Thousands gathered in front of the Treasury Building
Event Date: August 01, 2007
Posted: August 06, 2007
Thousands of people gathered in front of the Treasury Building on Independence Square in Port of Spain on August 1st for the start of the 2007 Emancipation Kambule Procession. Decked off in colourful African wear, the young and the old, men and women lined the streets to celebrate Emancipation Day with the annual Kamule Procession through the streets of Port of Spain to the Lidj Yasu Omowale Village. Kambule is Kikongo (languge of the Congo) for street procession. According to a release from the Emancipation Support Committee, the Kambule pays homage to our African Ancestors who commemorated the end of slavery by processing through the streets.
The Grupo Axe group, led by Sekhetneb Amunwah, which practices the African martial art called Capoeira, demonstrated their acrobatic skills on the Brian Lara Promenade. They had initiated the energy which oozed throughout the march to the Jean Pierre Complex.
On the side of the road nearer to the Treasury Building, a truck blasting Orisha chants had arrived blasting the Orisha worship chants by Orisha songstress, Ella Andell.
Guest of honour Ugandan President Yoweri Museveni and his wife Janet
The crowd swelled, but some grew impatient awaiting the guest of honor, Yoweri Museveni, President of Uganda. With his arrival at quarter past nine, the official launch of the procession began with a libation by Elder Equino Moyo who declared that this celebration was special as it commemorated the liberation struggles of our ancestors. He further mentioned that all African countries were now celebrating the end of slavery, which he said was a monumental achievement.
Tracy Wilson of the Emancipation Support Committee highlighted that the spot right in front of the Treasury Building was where the Emancipation Proclamation was made in 1838, and declared that the present generation stood on the shoulders of those who have gone before.

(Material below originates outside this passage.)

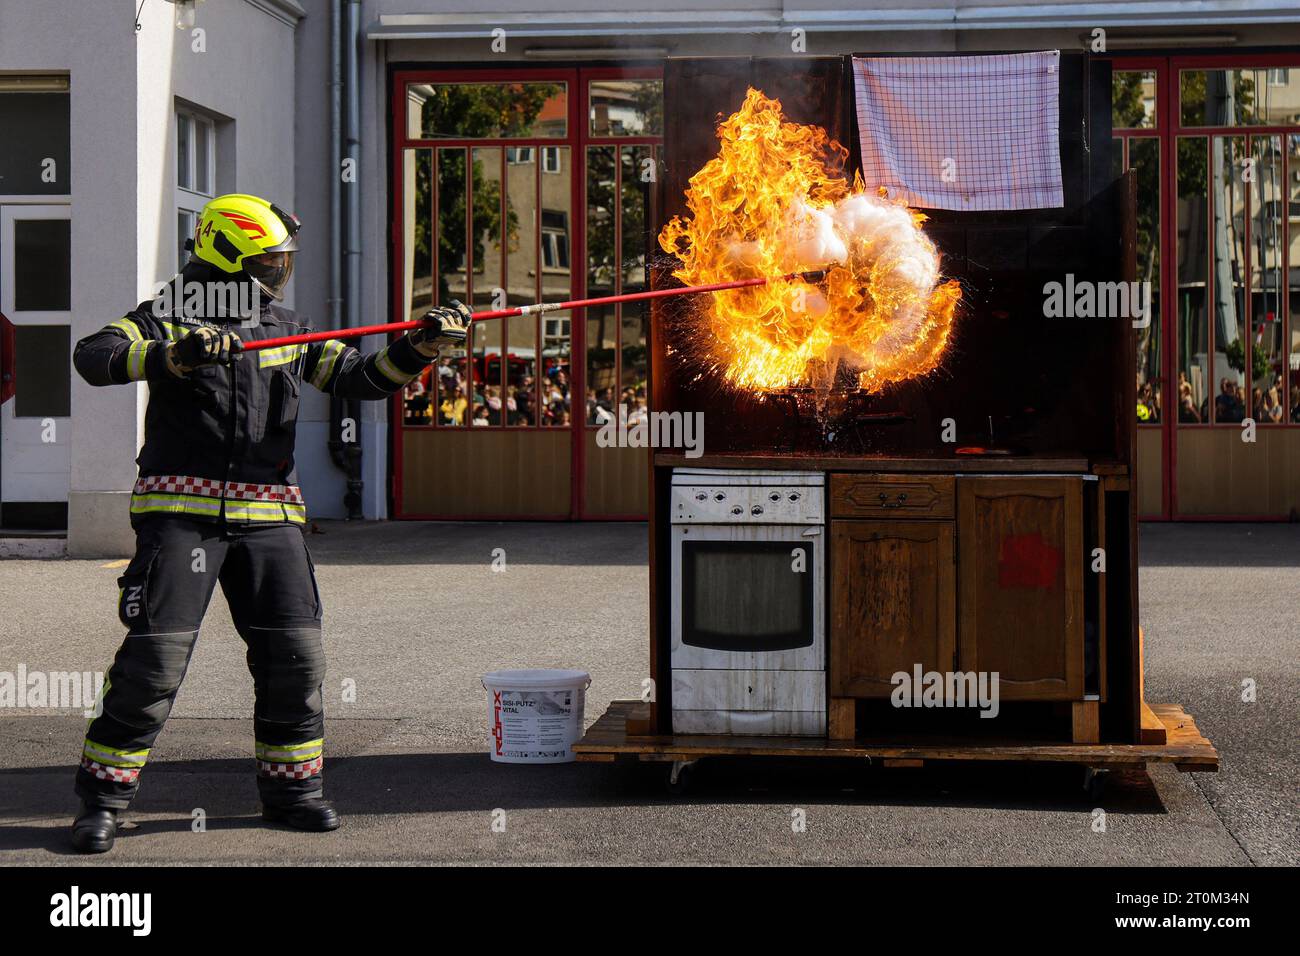 (231008) -- ZAGREB, Oct. 8, 2023 (Xinhua) -- A firefighter demonstrates how to extinguish a fire in the kitchen during the open day of the firefighting brigade in Zagreb, Croatia, Oct. 7, 2023. (Luka Stanzl/PIXSELL via Xinhua) Stock Photo

Minister of Community, Culture and Gender Affairs, Joan Yuille-Williams told the thousands gathered that the ancestors must be an integral part of the way forward as without the past there would be no place to begin. She highlighted that each one of them has the opportunity to influence their social space and commended Khafra Kambon and the ESC for their work in keeping the fires of Emancipation burning.

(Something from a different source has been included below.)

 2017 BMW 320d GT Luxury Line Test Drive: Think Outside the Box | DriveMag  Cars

T&T Prime Minister Patrick Manning, Janet Museveni,
Ugandan President Yoweri Museveni and Hazel Manning
The guest of honour, Ugandan President Yoweri Museveni conveyed his pleasure at being in Trinidad for the Emancipation commemoration and told the crowd that they are descendents of Africans and should be proud. He also proposed in his address that CARICOM should become the sixth region of the African Union. Museveni spoke of the unifying effort within Africa, telling the crowd that he is working to unite East Africa. The African Union, which is made up of five regions, recently concluded a conference in which plans for a more united Africa were discussed.
Speaking of his thoughts on Trinidad and Tobago, he said that the people of Trinidad and Tobago have been able to transform themselves through education for all. He saluted Trinidad and Tobago for being able to industrialize and for having a surplus in their balance of payments accounts. Museveni closed by praising the pioneers of Trinidad.
During Museveni's talk, drama nearly erupted when a homeless man, who said he sleeps in front of the Treasury Building, stood in a restricted area near the dignitaries which had been cordoned off and refused to move. When a uniformed police officer asked him to move, he loudly said he was not moving and dared the policeman to move him, threatening to let the Ugandan President and the mass of media know how he was being treated. The man, however, moved off after some minutes of quiet persuasion from the police officer.
Kambule 2007 Emancipation Procession
Accompanied by African drumming and songs, thousands participated in the procession from Independence Square to the Lidj Yasu Omawale Village in the Jean Pierre Complex. Estimates of the procession were upwards of 15,000. Moko Jumbies, drummers, dancers, and stick-fighters featured prominently in the procession. Groups including the Laventille Rhythm Section, Picton Folk Performers, Pelican African Drummers, the Fondes Amandes Reforestation Project as well as numerous civil and religious groups participated in the procession.
The rains came heavily just after 11 a.m., and while some people took shelter, many continued in the colorful procession, singing and dancing in the rain to African drumming and Orisha chants.